Peter Beinart writes: Now that he’s dead, and can cause no more trouble, Nelson Mandela is being mourned across the ideological spectrum as a saint. But not long ago, in Washington’s highest circles, he was considered an enemy of the United States. Unless we remember why, we won’t truly honor his legacy.

In the 1980s, Ronald Reagan placed Mandela’s African National Congress on America’s official list of “terrorist” groups. In 1985, then-Congressman Dick Cheney voted against a resolution urging that he be released from jail. In 2004, after Mandela criticized the Iraq War, an article in National Review said his “vicious anti-Americanism and support for Saddam Hussein should come as no surprise, given his longstanding dedication to communism and praise for terrorists.” As late as 2008, the ANC remained on America’s terrorism watch list, thus requiring the 89-year-old Mandela to receive a special waiver from the secretary of State to visit the U.S.
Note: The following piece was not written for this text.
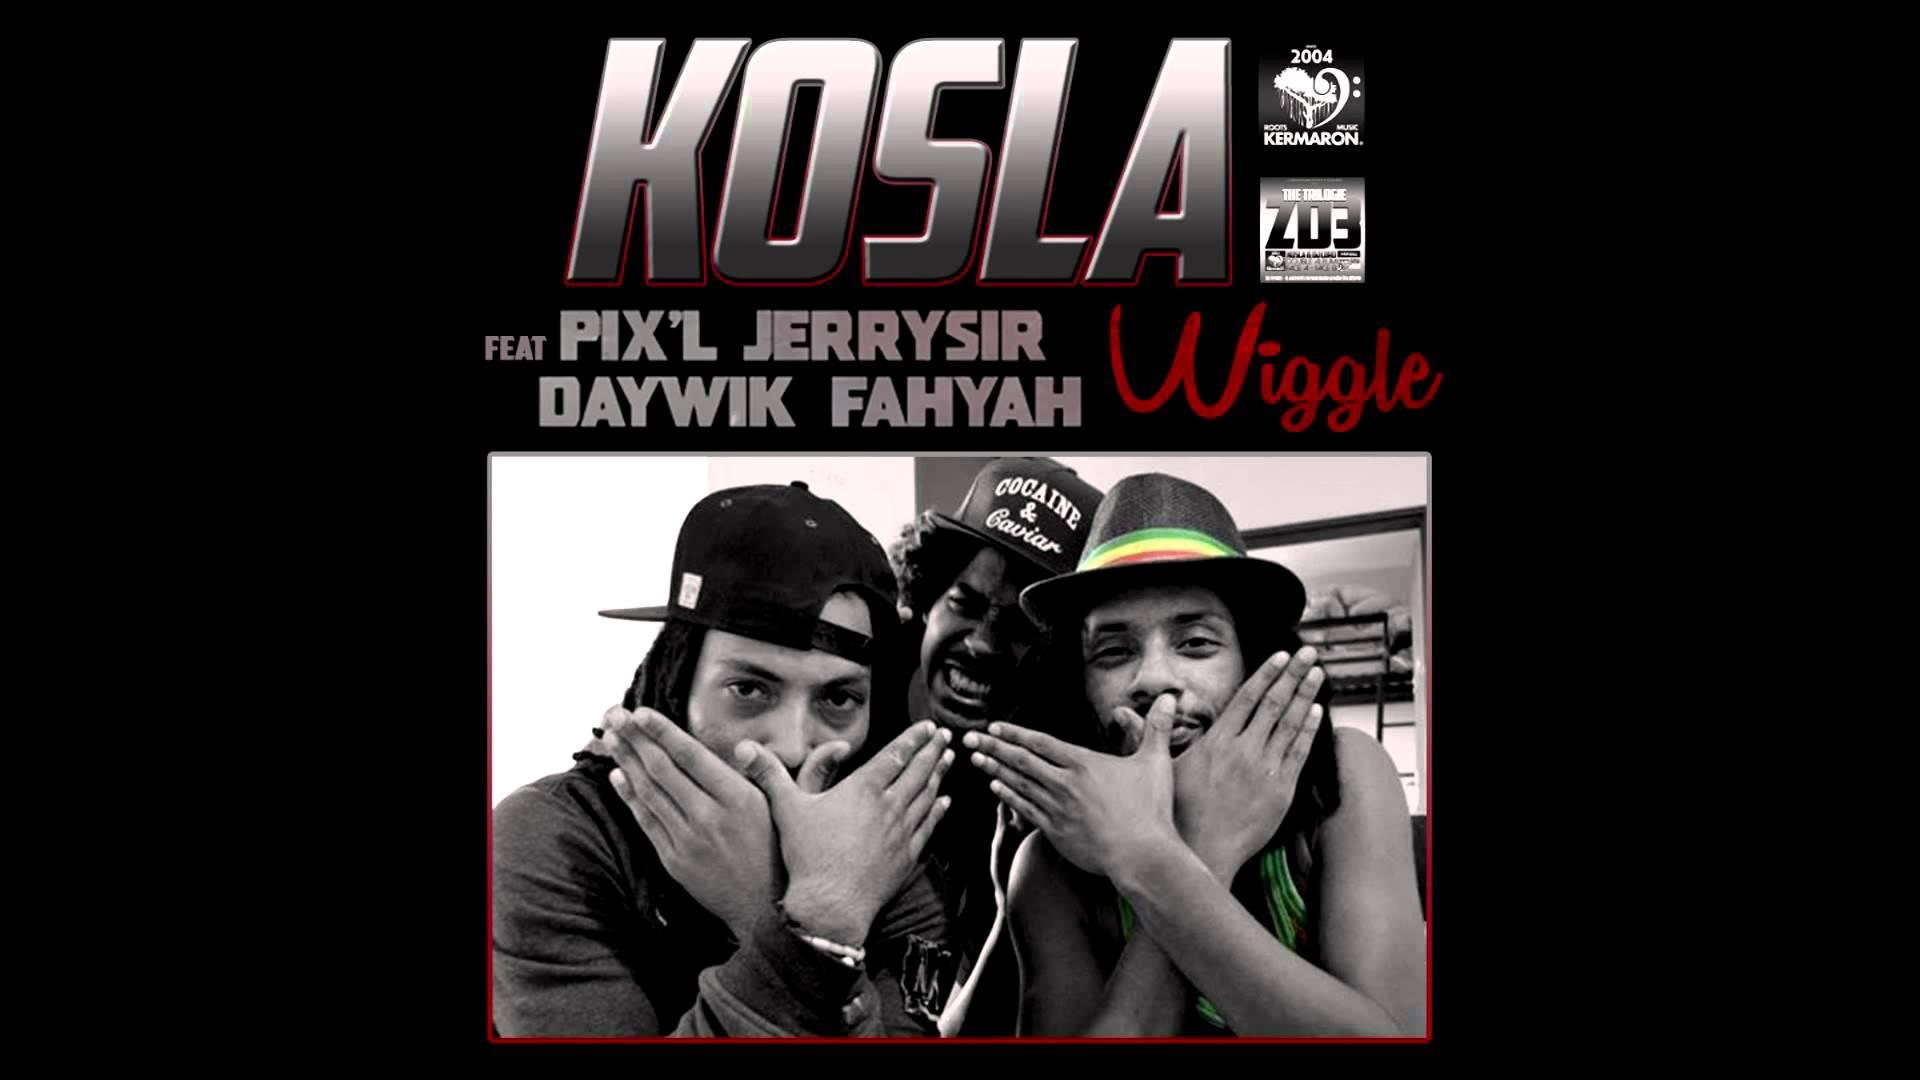 WIGGLE RMX – Kosla feat Pix'L, Daywik Fahyah & Jerry Sir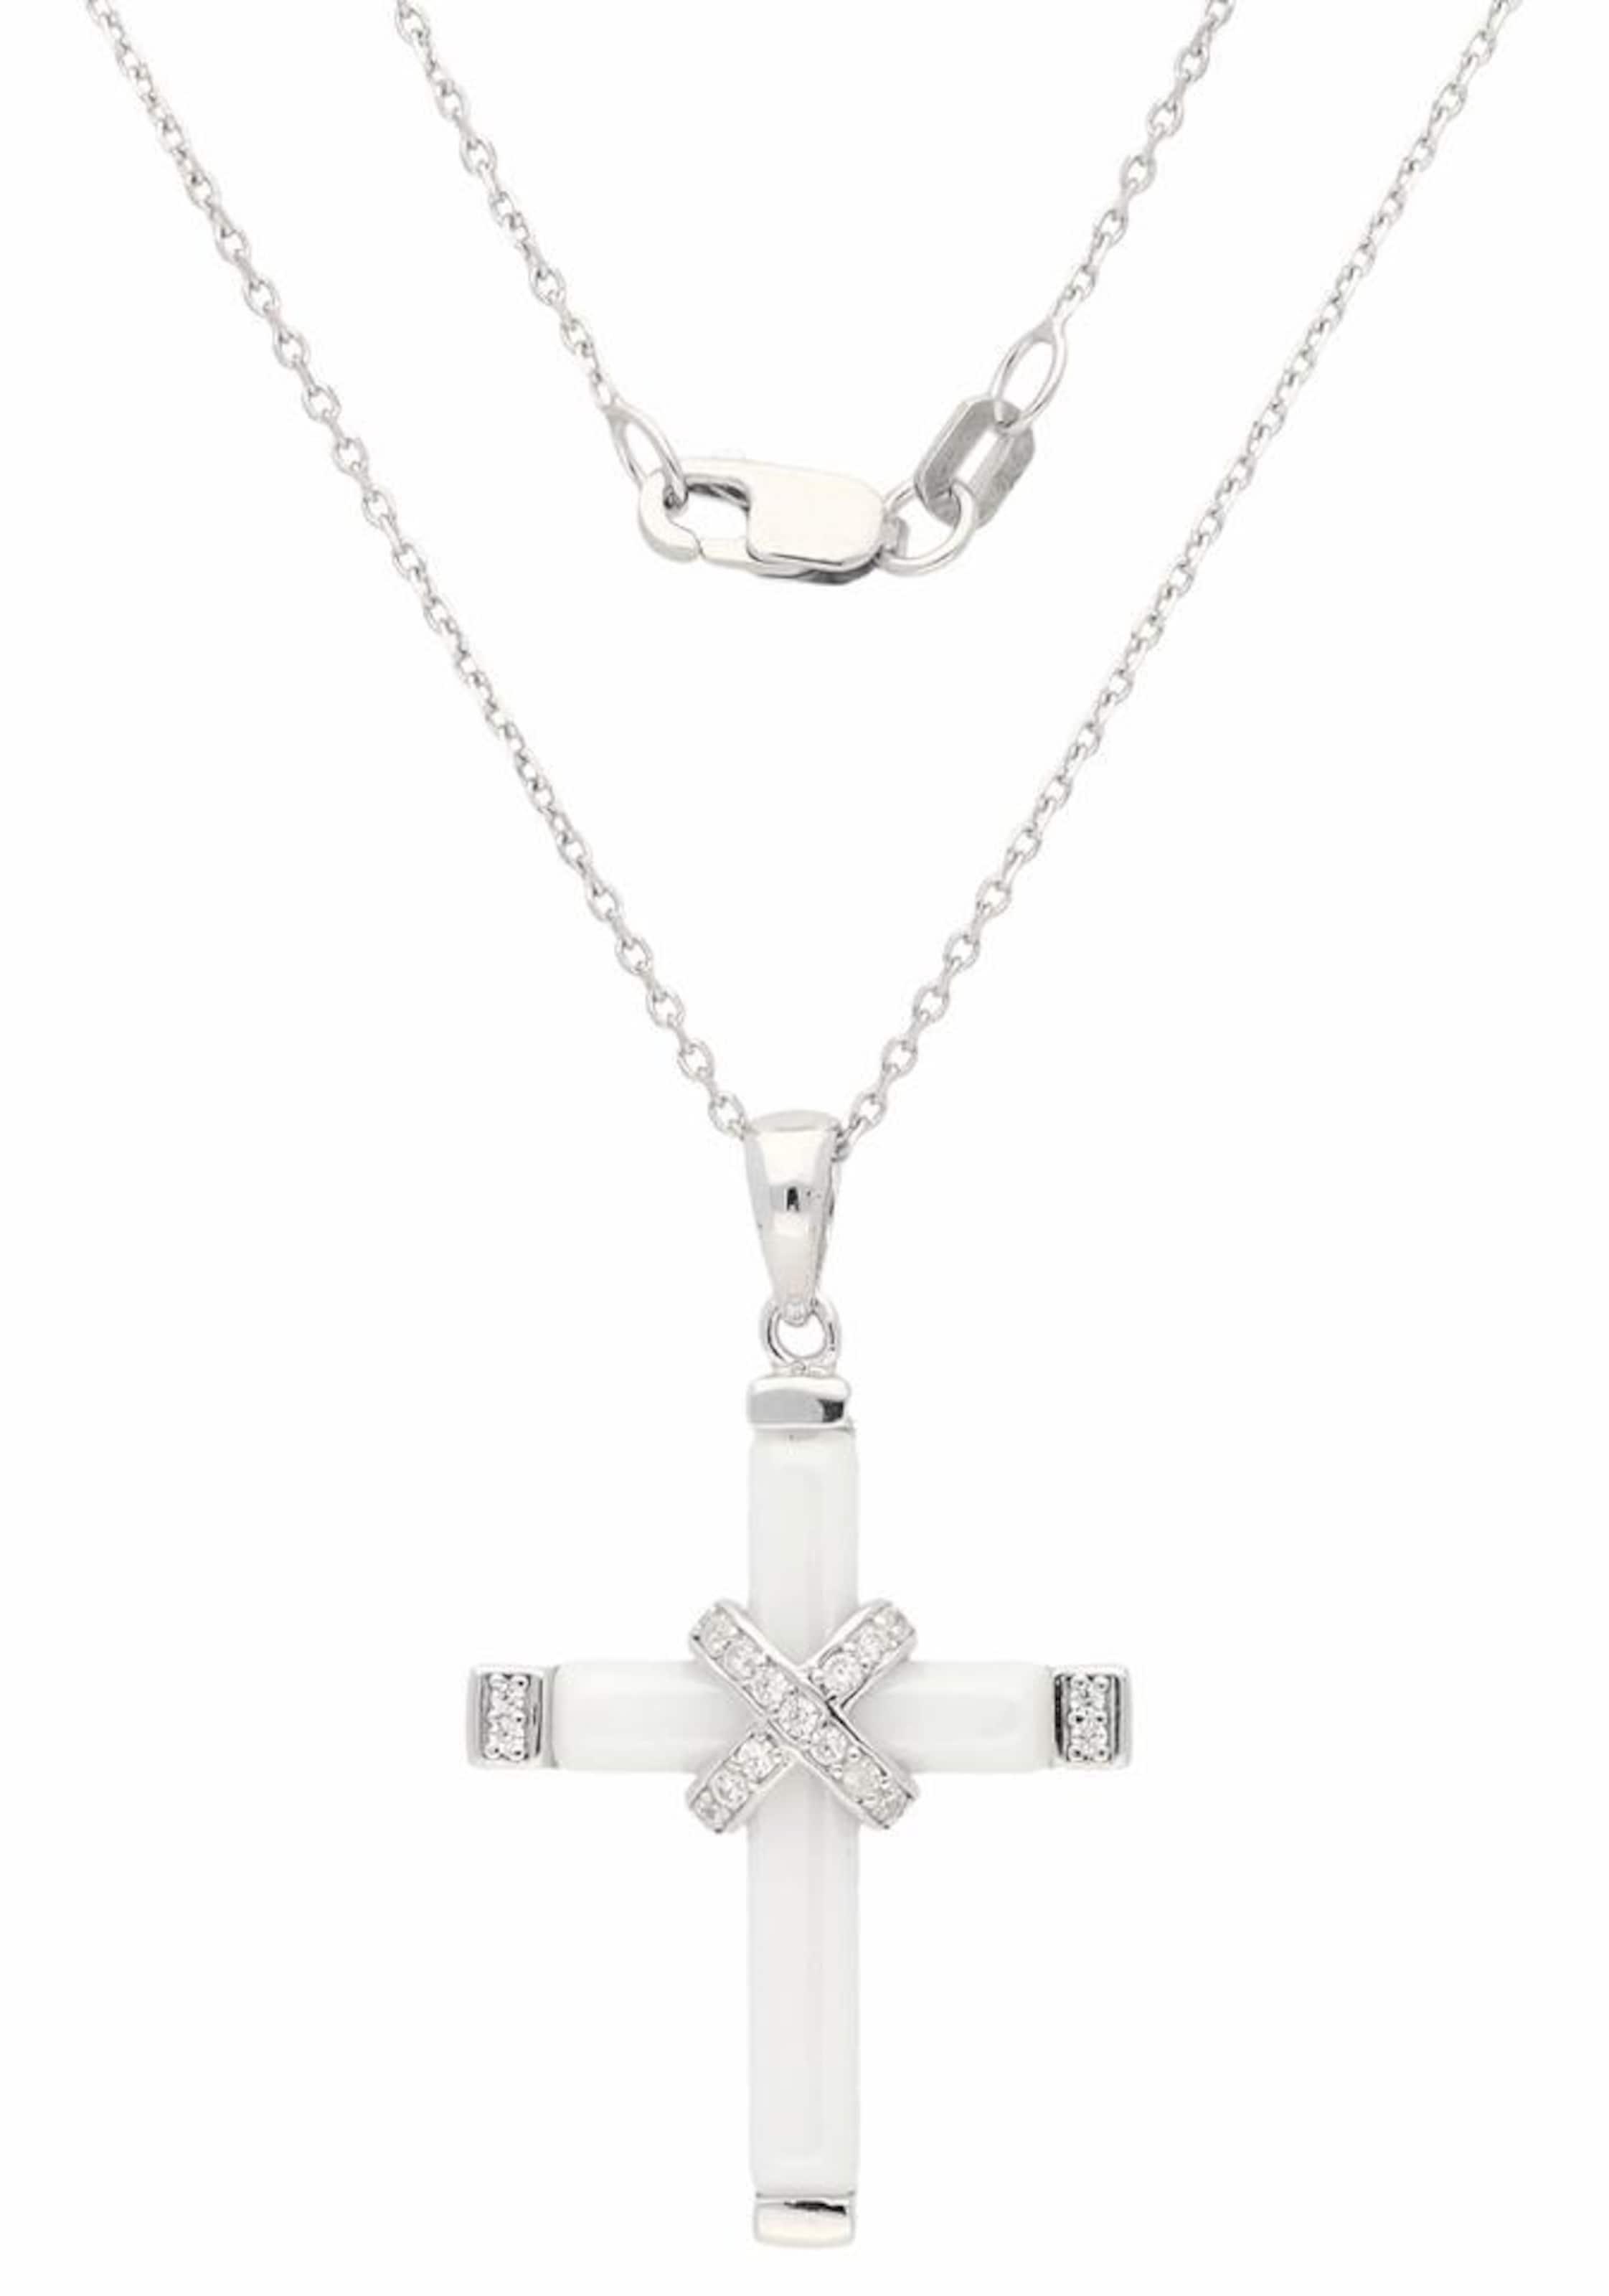 FIRETTI Kreuzkette Gutes Verkauf Günstiger Preis IB5gsUuH3

From their perspective, Mandela’s critics were right to distrust him. They called him a “terrorist” because he had waged armed resistance to apartheid. They called him a “communist” because the Soviet Union was the ANC’s chief external benefactor and the South African Communist Party was among its closest domestic allies. More fundamentally, what Mandela’s American detractors understood is that he considered himself an opponent, not an ally, of American power. And that’s exactly what Mandela’s American admirers must remember now. [Continue reading…]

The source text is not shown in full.